● What you are asked to do
Transcribe the full listing exactly, and drop every picture.

● Raw data
━━━━━━━━━━━━━━━━━━━━

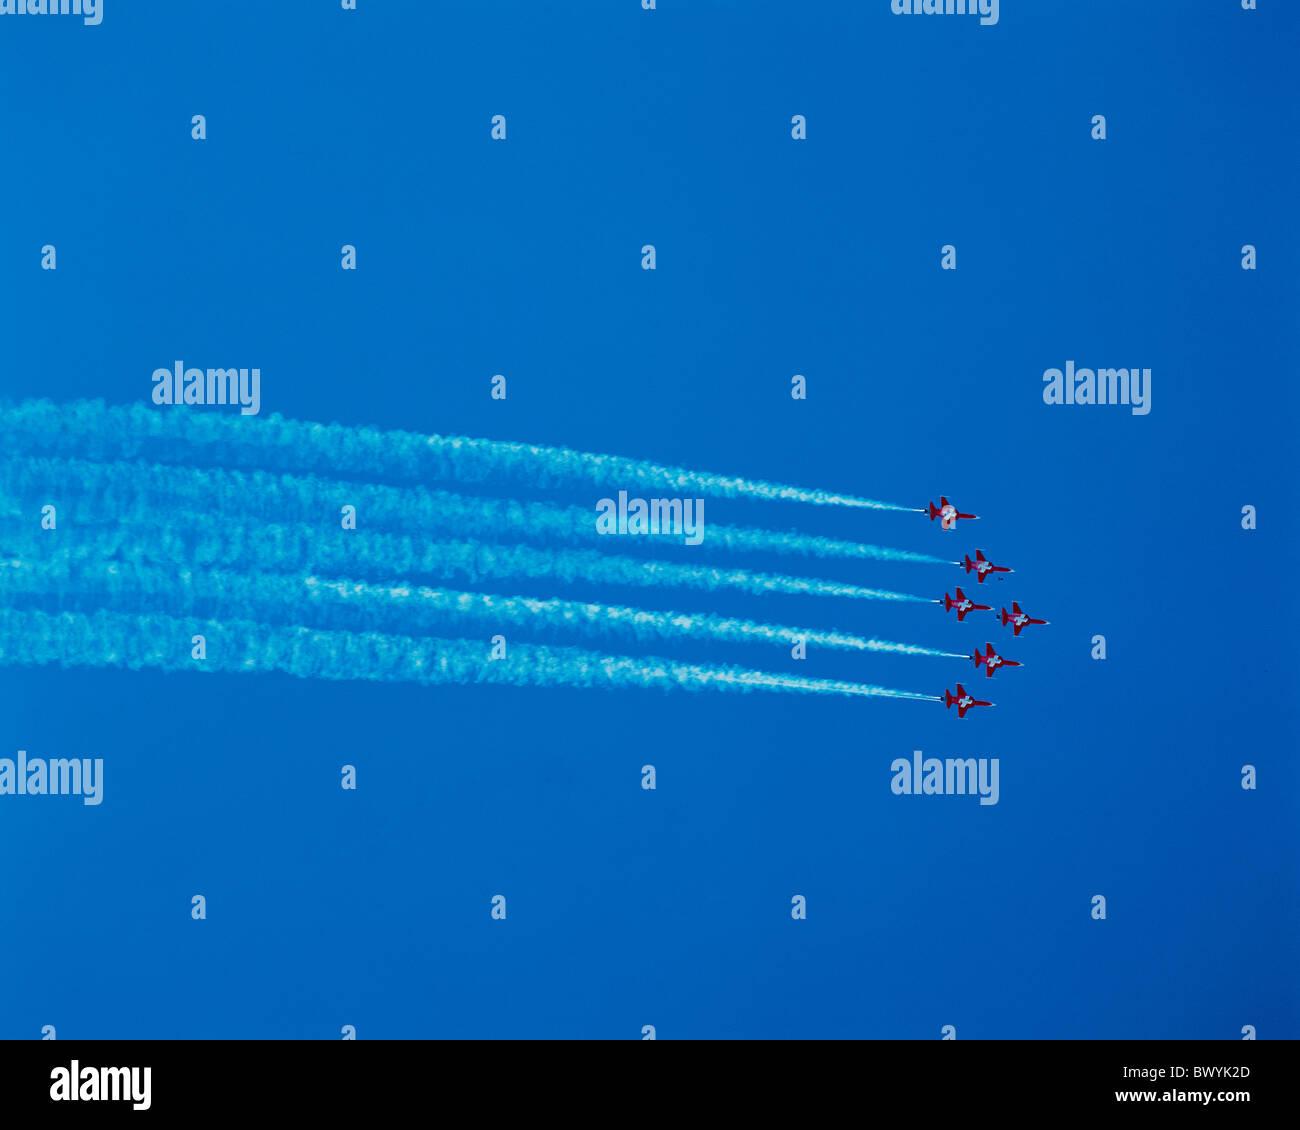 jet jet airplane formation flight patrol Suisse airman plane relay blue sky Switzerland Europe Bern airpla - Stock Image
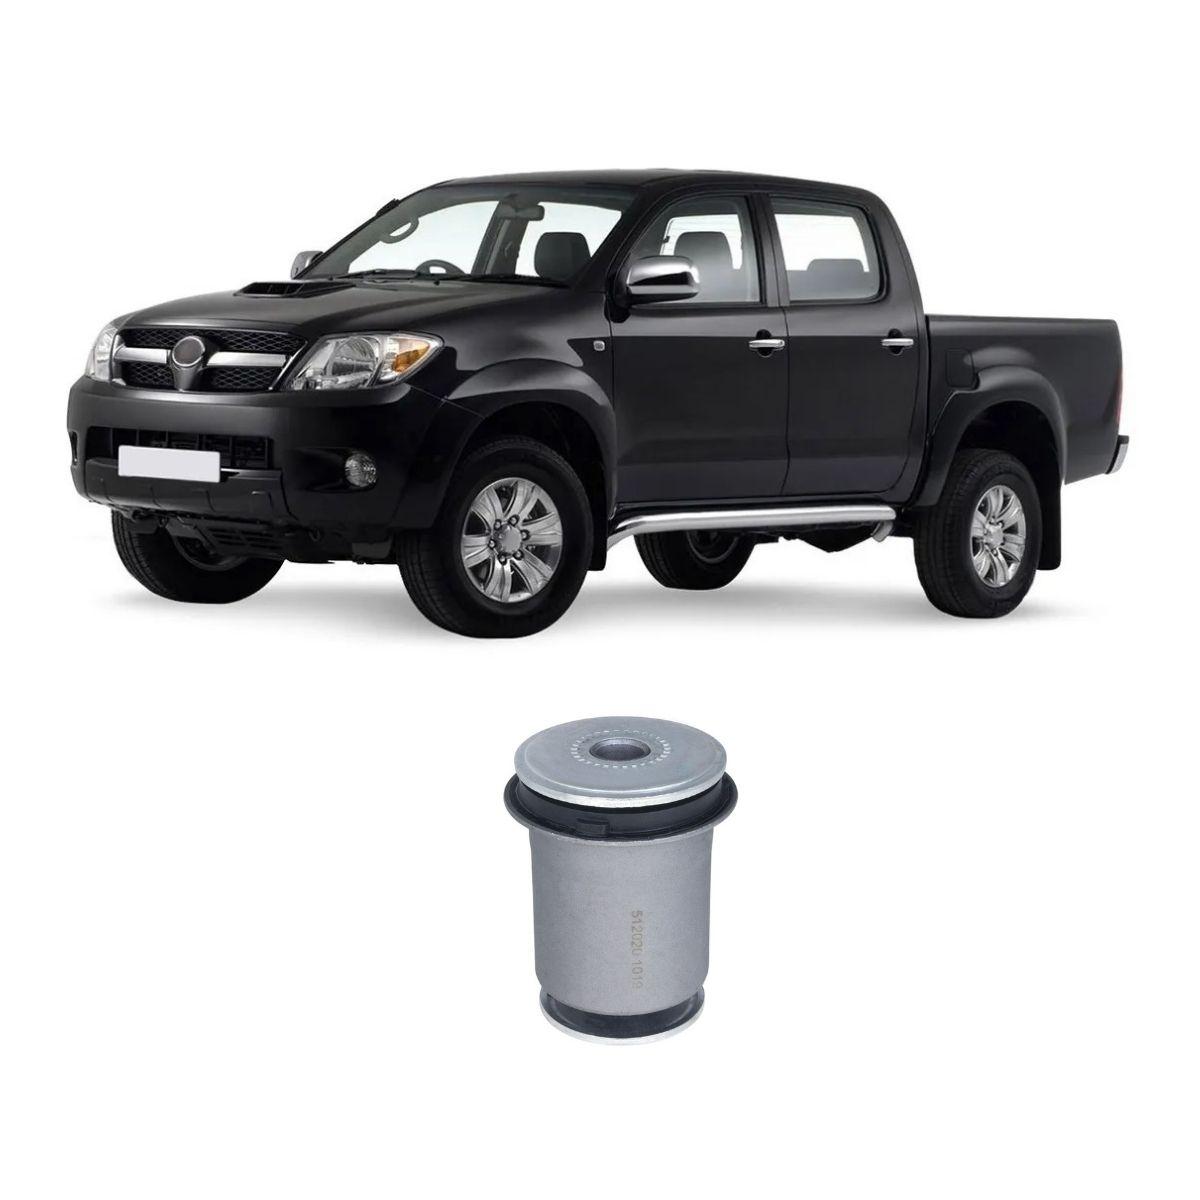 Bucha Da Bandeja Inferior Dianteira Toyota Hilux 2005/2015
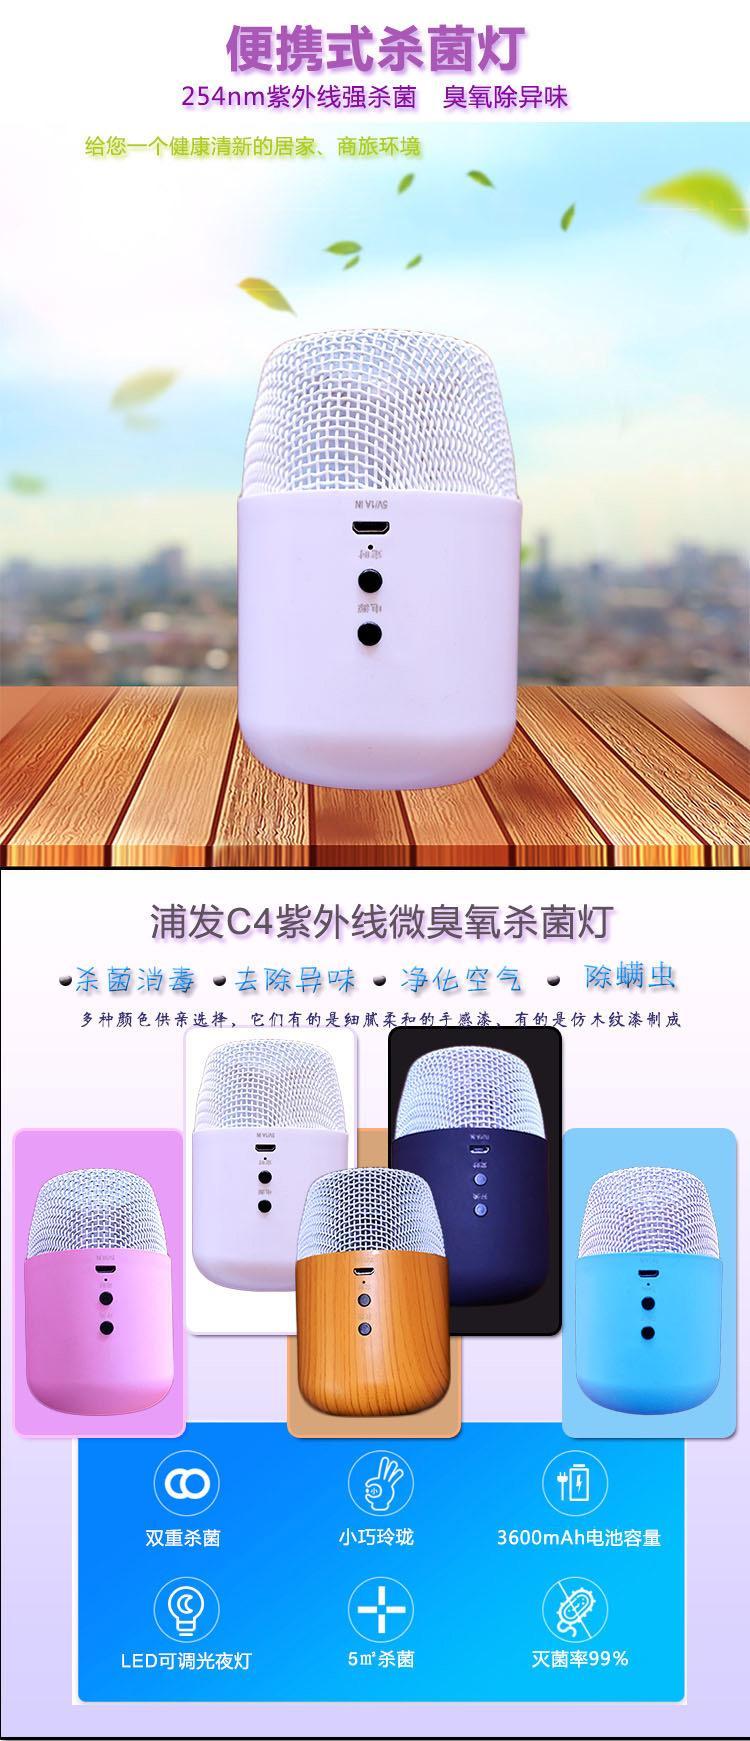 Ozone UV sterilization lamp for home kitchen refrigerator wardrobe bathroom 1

━━━━━━━━━━━━━━━━━━━━

● Completed task
 jet jet airplane formation flight patrol Suisse airman plane relay blue sky Switzerland Europe Bern airpla - Stock Image
 Bucha Da Bandeja Inferior Dianteira Toyota Hilux 2005/2015
 Ozone UV sterilization lamp for home kitchen refrigerator wardrobe bathroom 1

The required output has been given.